■ TASK GOAL ■
Reproduce the data exactly as given, except for any images.

■ COLLECTED DATA ■
++++++

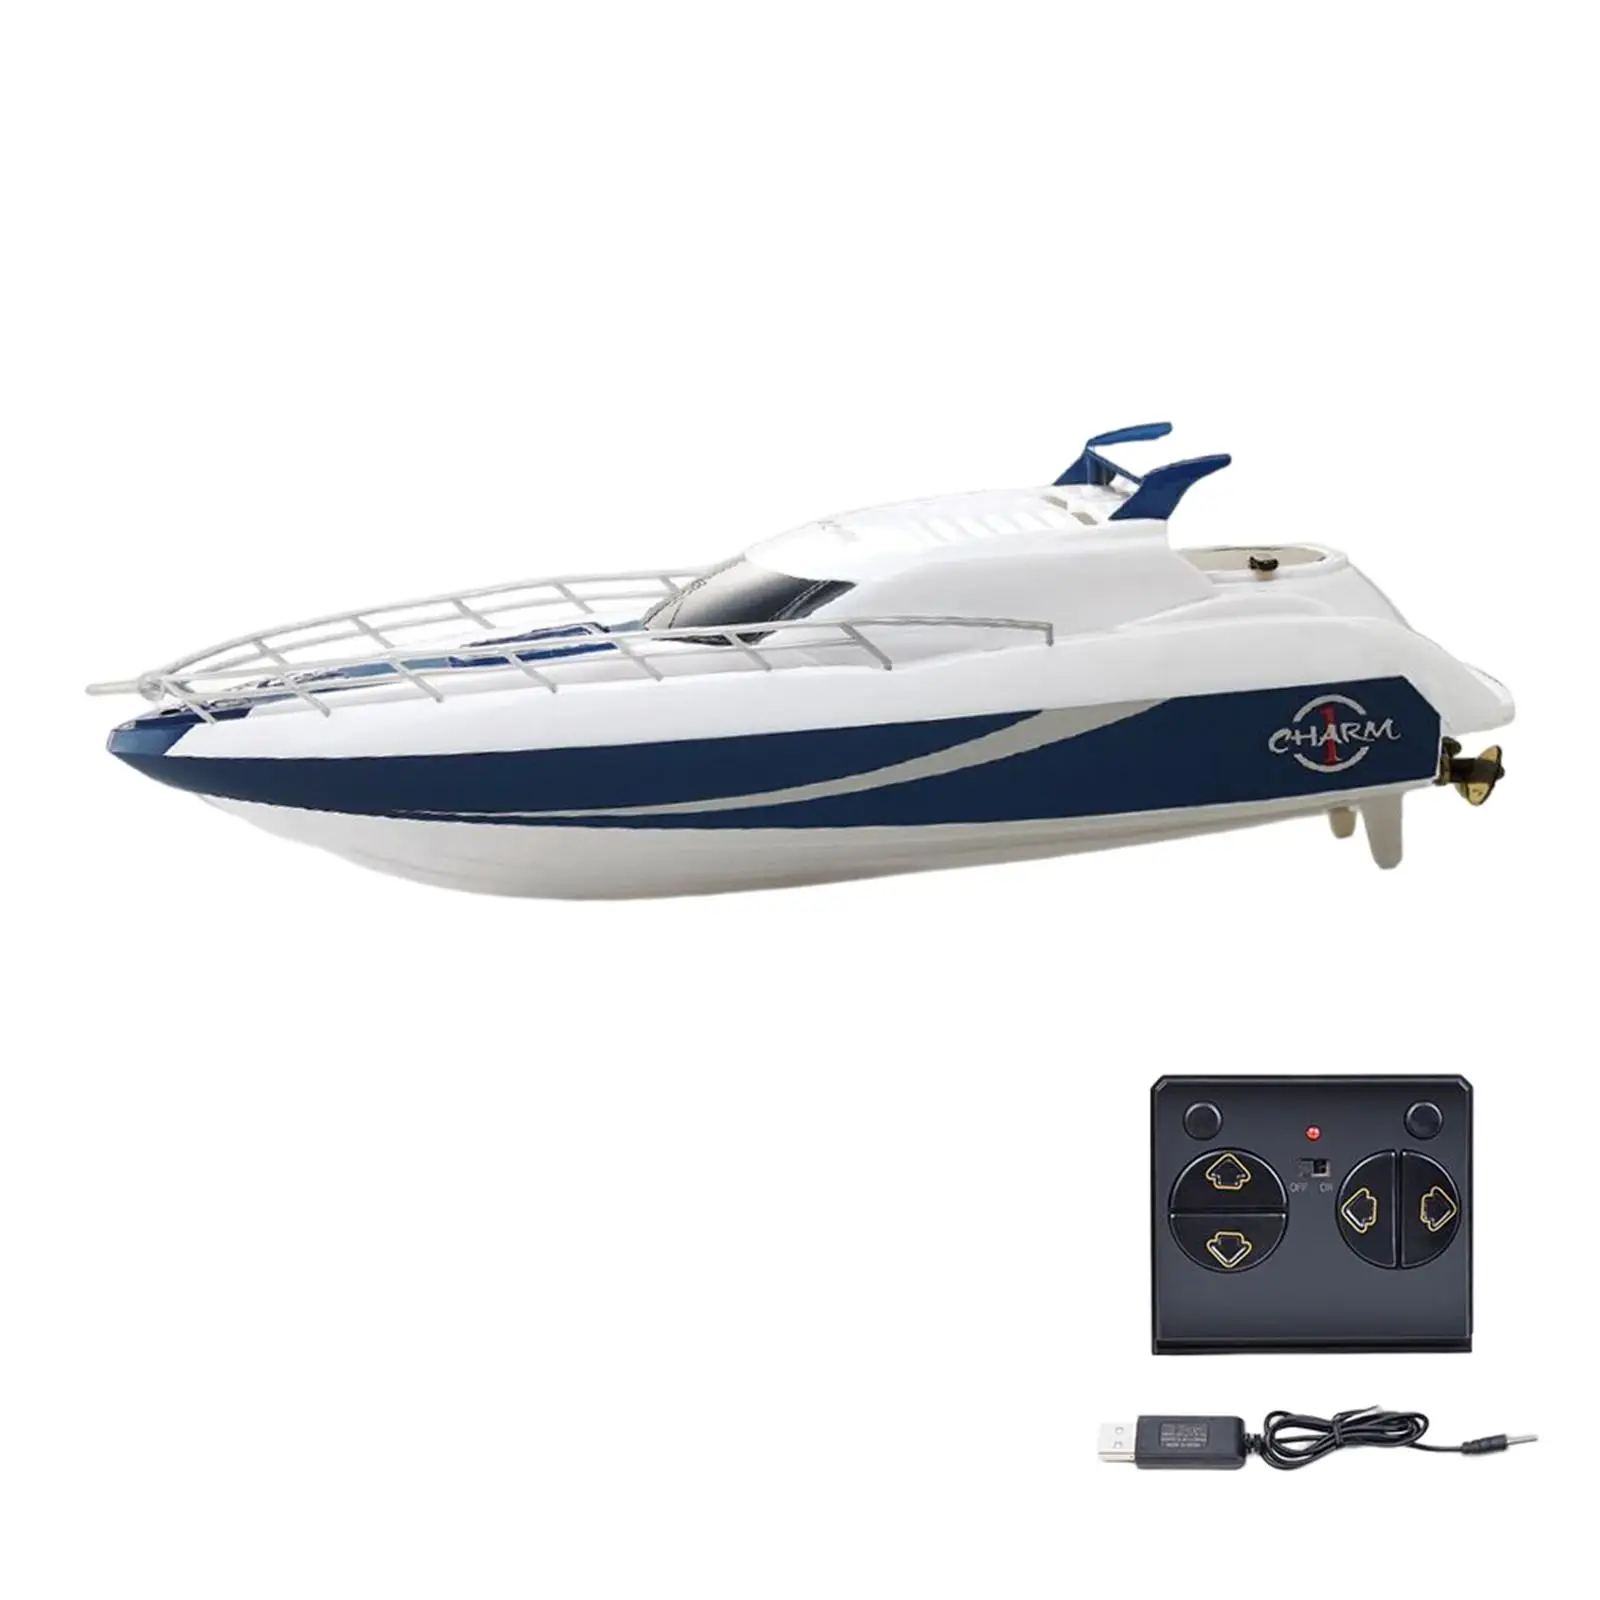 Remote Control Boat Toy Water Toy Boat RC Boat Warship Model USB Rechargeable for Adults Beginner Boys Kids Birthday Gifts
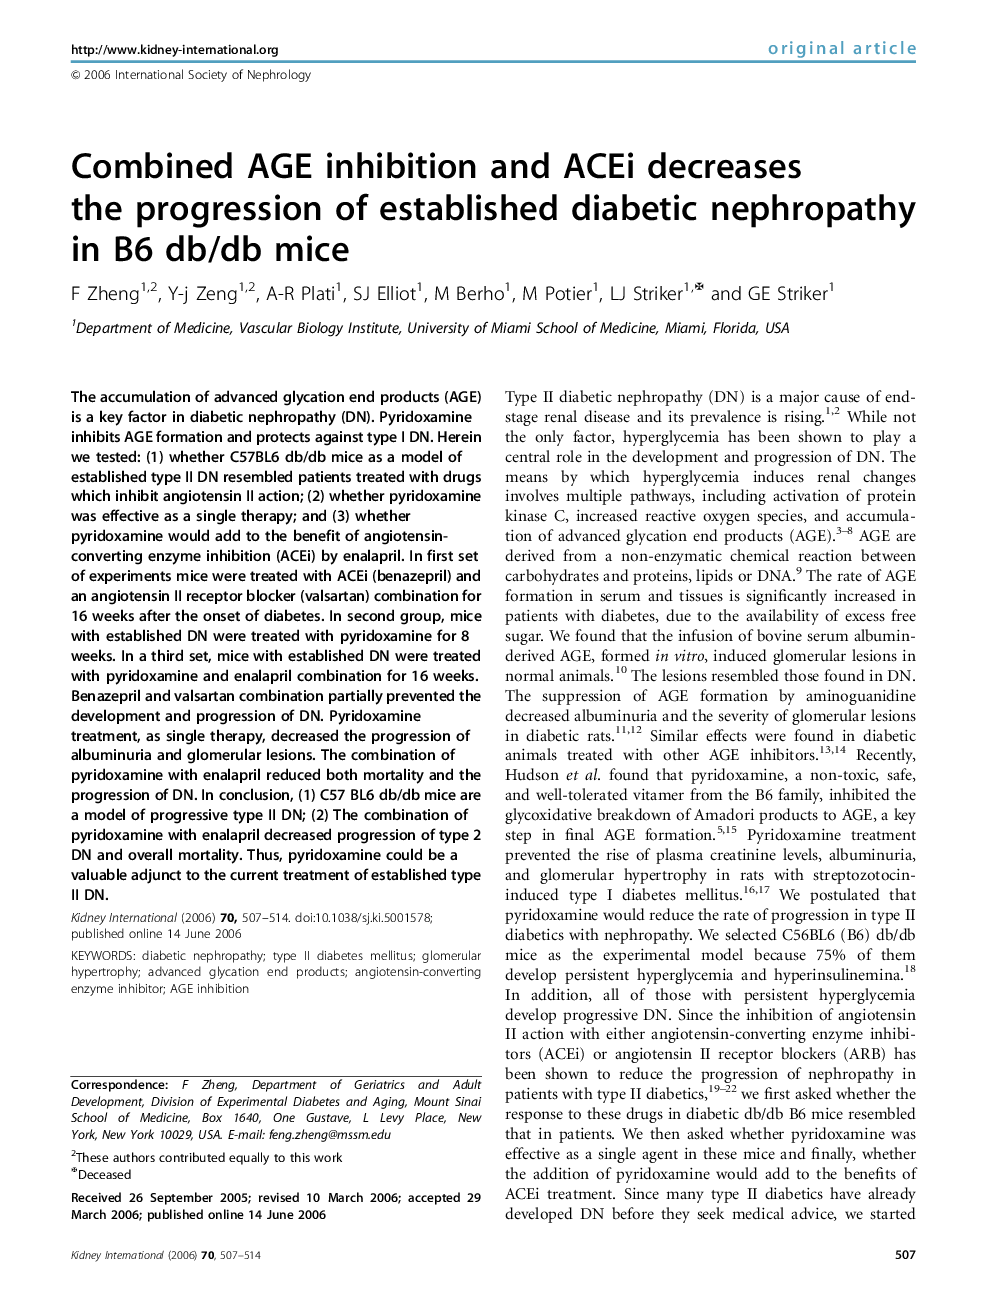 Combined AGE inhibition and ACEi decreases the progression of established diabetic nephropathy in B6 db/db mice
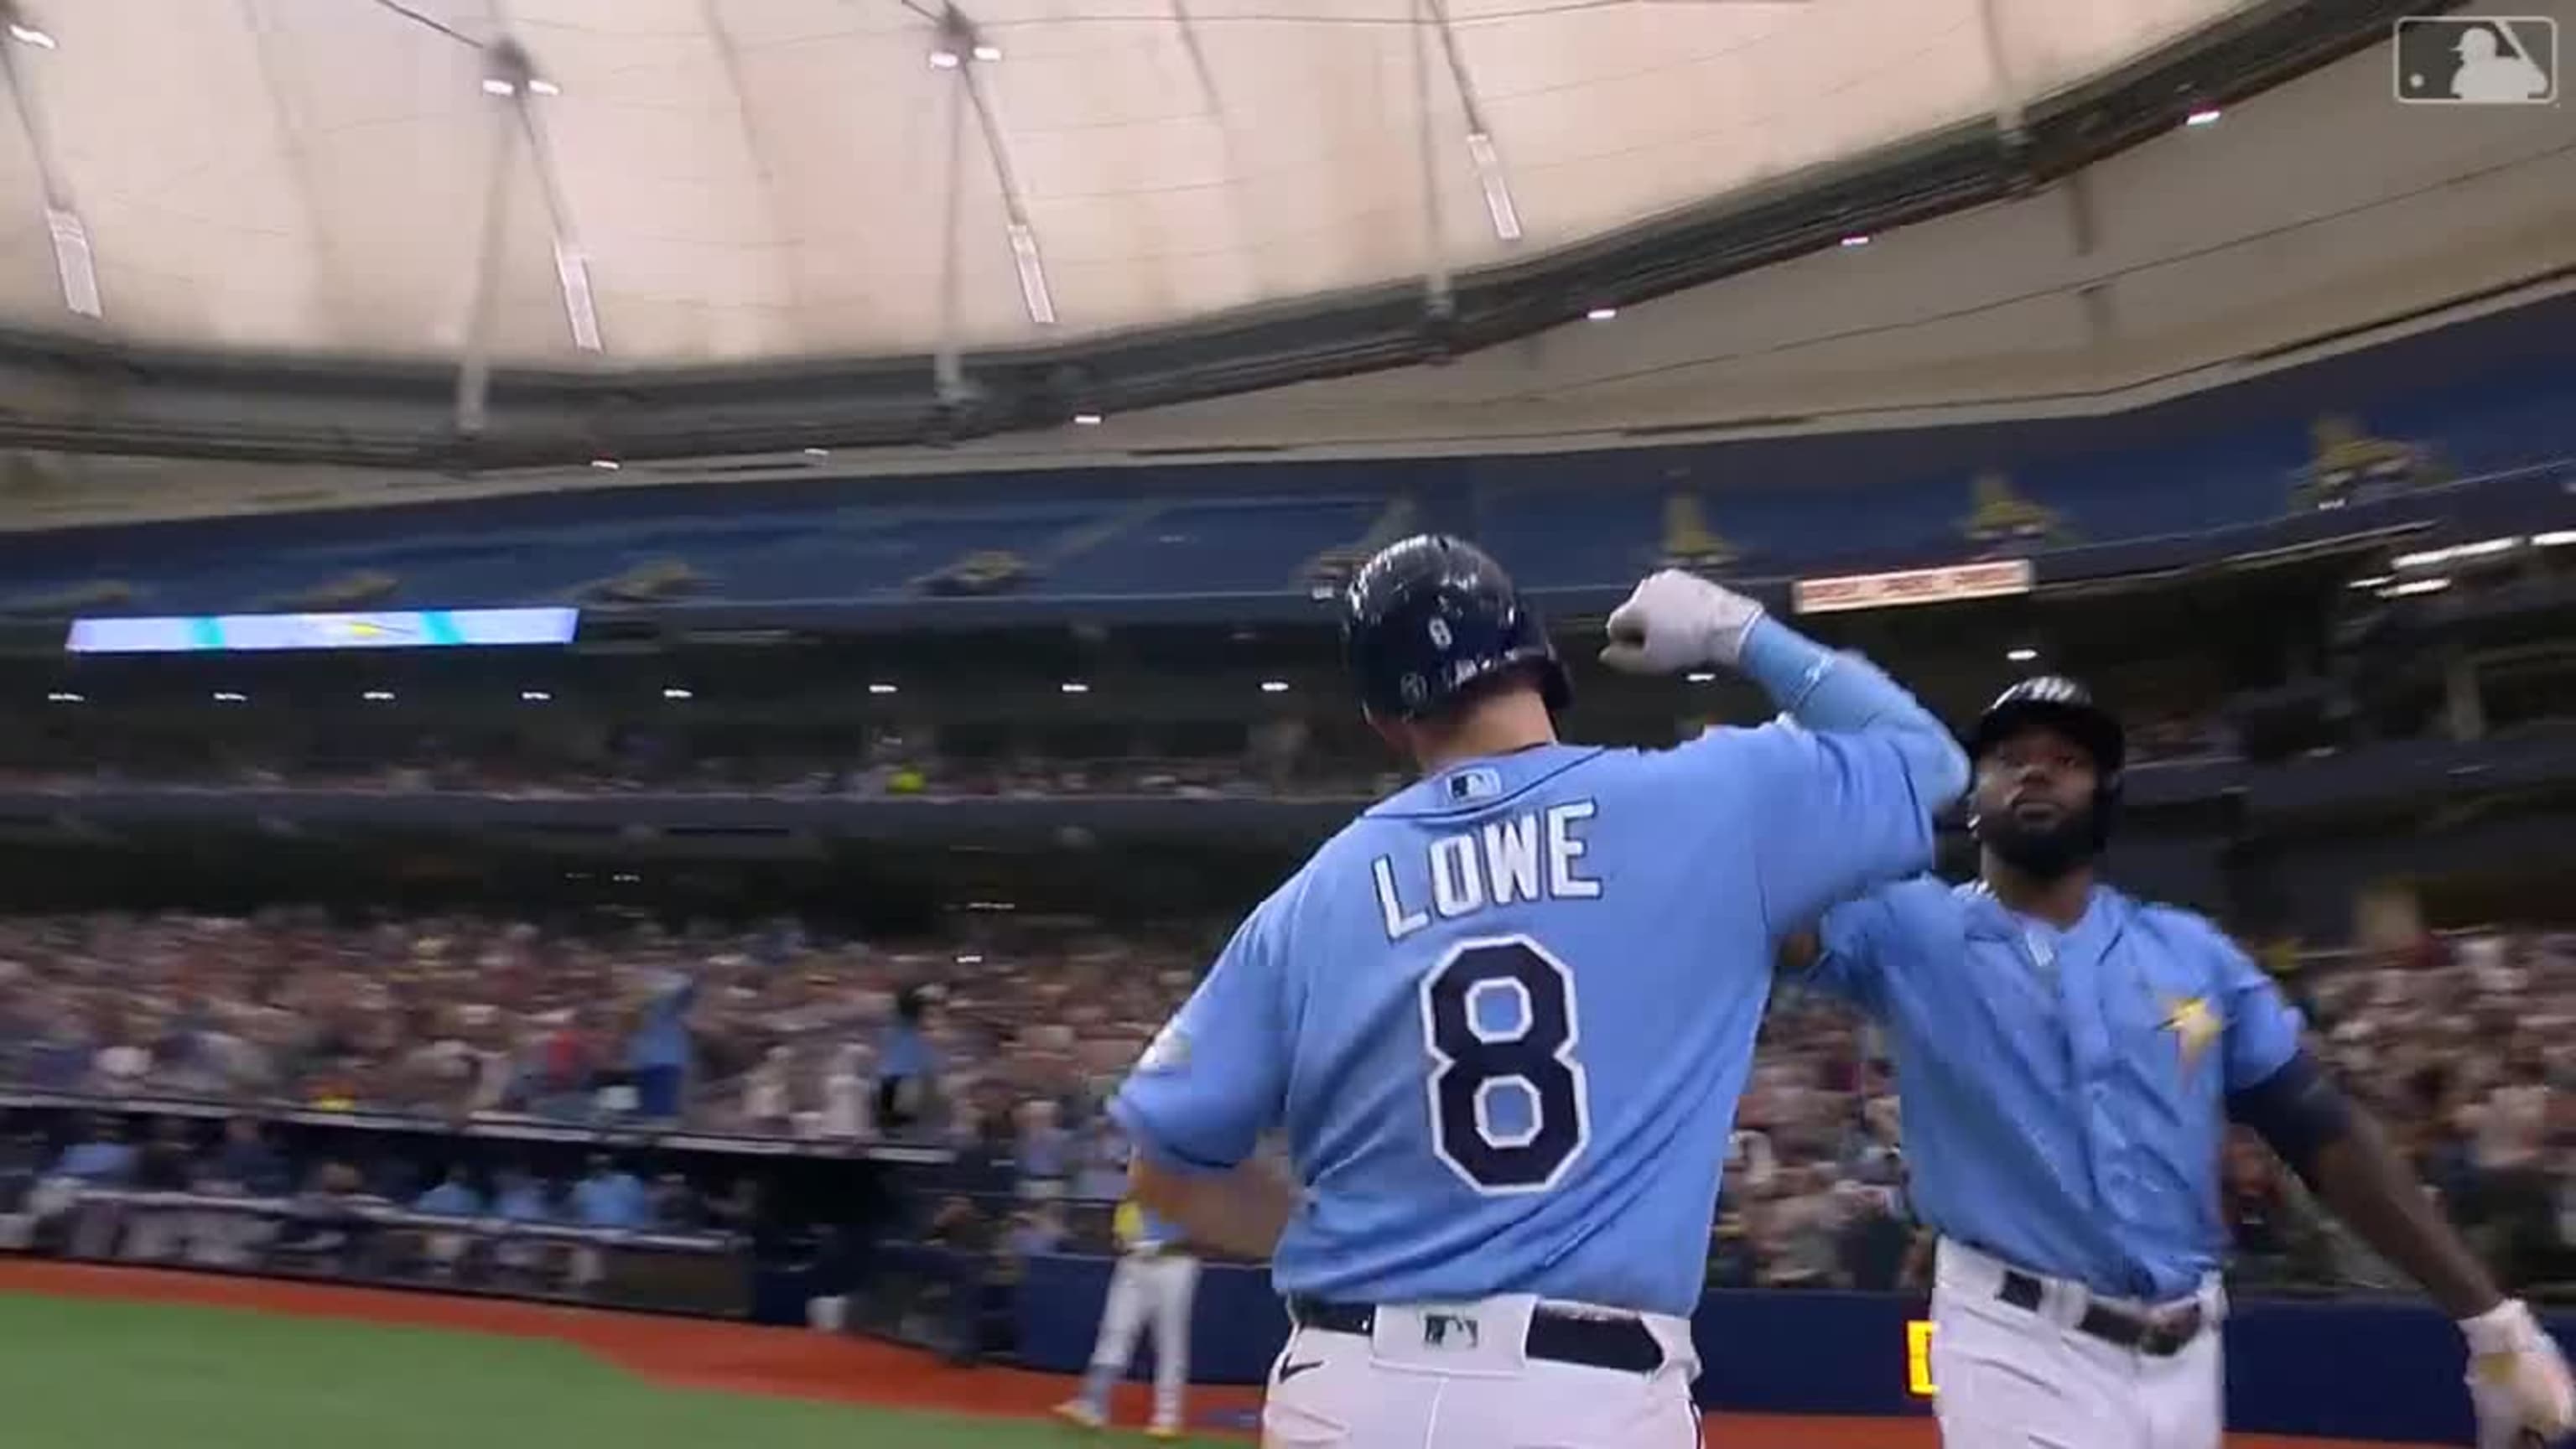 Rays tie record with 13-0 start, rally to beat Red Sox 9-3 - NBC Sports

++++++

■ FINISHED TASK ■
 Remote Control Boat Toy Water Toy Boat RC Boat Warship Model USB Rechargeable for Adults Beginner Boys Kids Birthday Gifts
 Combined AGE inhibition and ACEi decreases the progression of established diabetic nephropathy in B6 db/db mice
 Rays tie record with 13-0 start, rally to beat Red Sox 9-3 - NBC Sports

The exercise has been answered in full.